- Opening Delimiter -

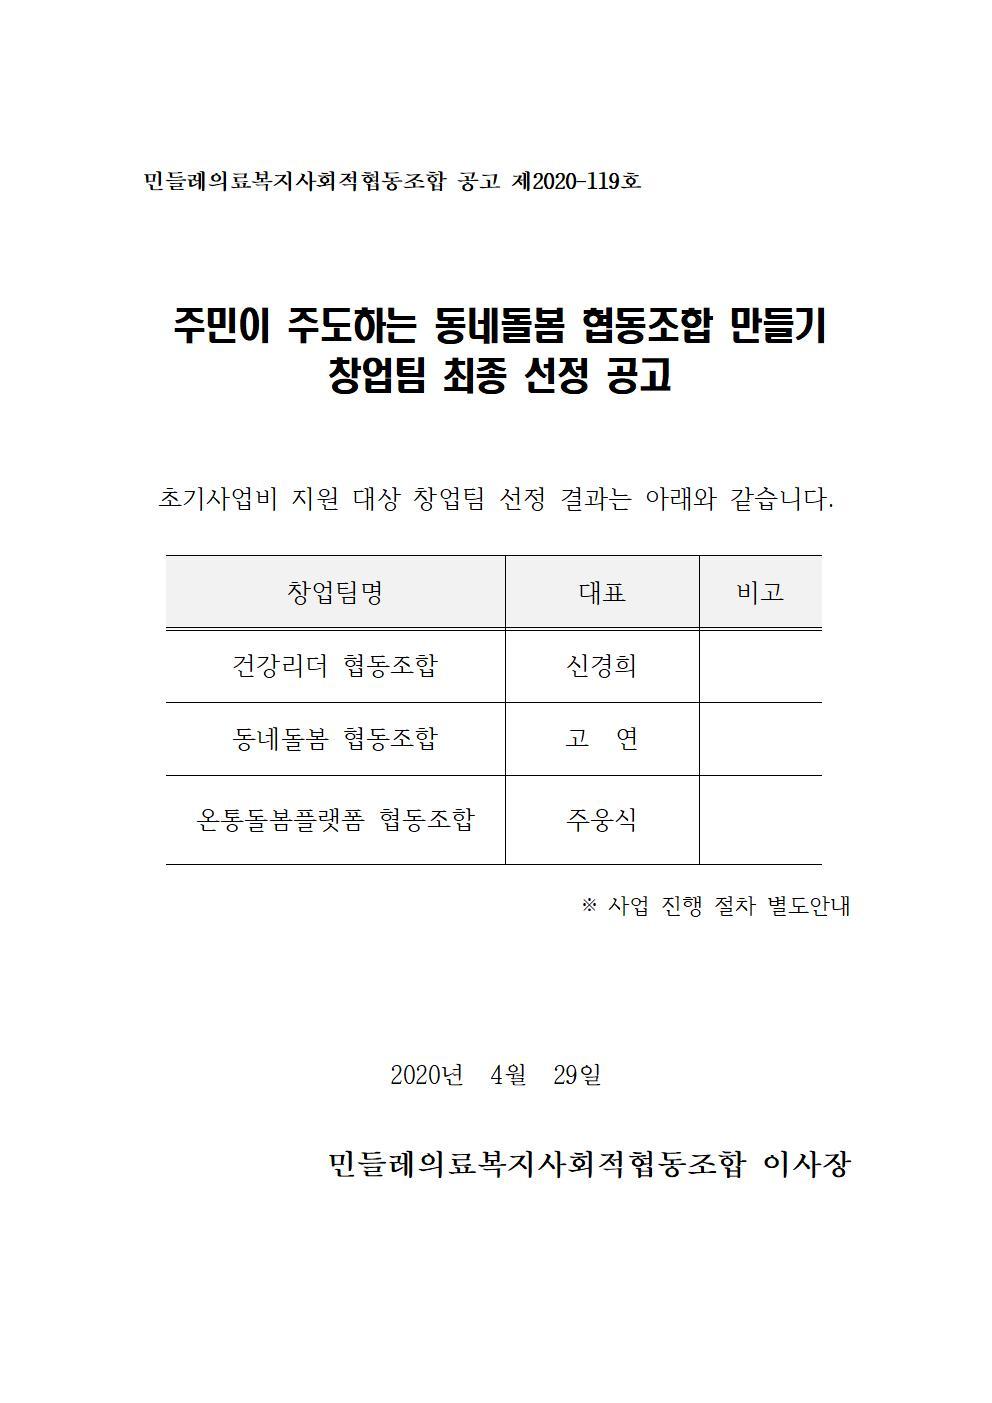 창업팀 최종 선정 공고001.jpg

- Closing Delimiter -
- Opening Delimiter -

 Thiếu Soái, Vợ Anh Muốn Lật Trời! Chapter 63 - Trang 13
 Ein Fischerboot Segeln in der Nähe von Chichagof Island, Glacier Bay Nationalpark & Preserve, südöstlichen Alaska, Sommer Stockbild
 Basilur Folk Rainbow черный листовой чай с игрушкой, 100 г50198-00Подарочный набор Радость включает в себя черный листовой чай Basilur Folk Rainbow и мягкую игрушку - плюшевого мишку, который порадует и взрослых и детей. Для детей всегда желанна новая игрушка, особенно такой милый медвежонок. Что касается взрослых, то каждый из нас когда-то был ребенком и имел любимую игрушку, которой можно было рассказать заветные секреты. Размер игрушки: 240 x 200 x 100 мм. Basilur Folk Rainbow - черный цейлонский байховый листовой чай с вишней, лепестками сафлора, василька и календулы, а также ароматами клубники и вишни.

- Closing Delimiter -

Only the lines above starting at the line that holds "Thiếu Soái, Vợ" and ending at the line that holds "Basilur Folk Rainbow черный" are to be repeated, exactly and in full.

Answer space:
 Thiếu Soái, Vợ Anh Muốn Lật Trời! Chapter 63 - Trang 13
 Ein Fischerboot Segeln in der Nähe von Chichagof Island, Glacier Bay Nationalpark & Preserve, südöstlichen Alaska, Sommer Stockbild
 Basilur Folk Rainbow черный листовой чай с игрушкой, 100 г50198-00Подарочный набор Радость включает в себя черный листовой чай Basilur Folk Rainbow и мягкую игрушку - плюшевого мишку, который порадует и взрослых и детей. Для детей всегда желанна новая игрушка, особенно такой милый медвежонок. Что касается взрослых, то каждый из нас когда-то был ребенком и имел любимую игрушку, которой можно было рассказать заветные секреты. Размер игрушки: 240 x 200 x 100 мм. Basilur Folk Rainbow - черный цейлонский байховый листовой чай с вишней, лепестками сафлора, василька и календулы, а также ароматами клубники и вишни.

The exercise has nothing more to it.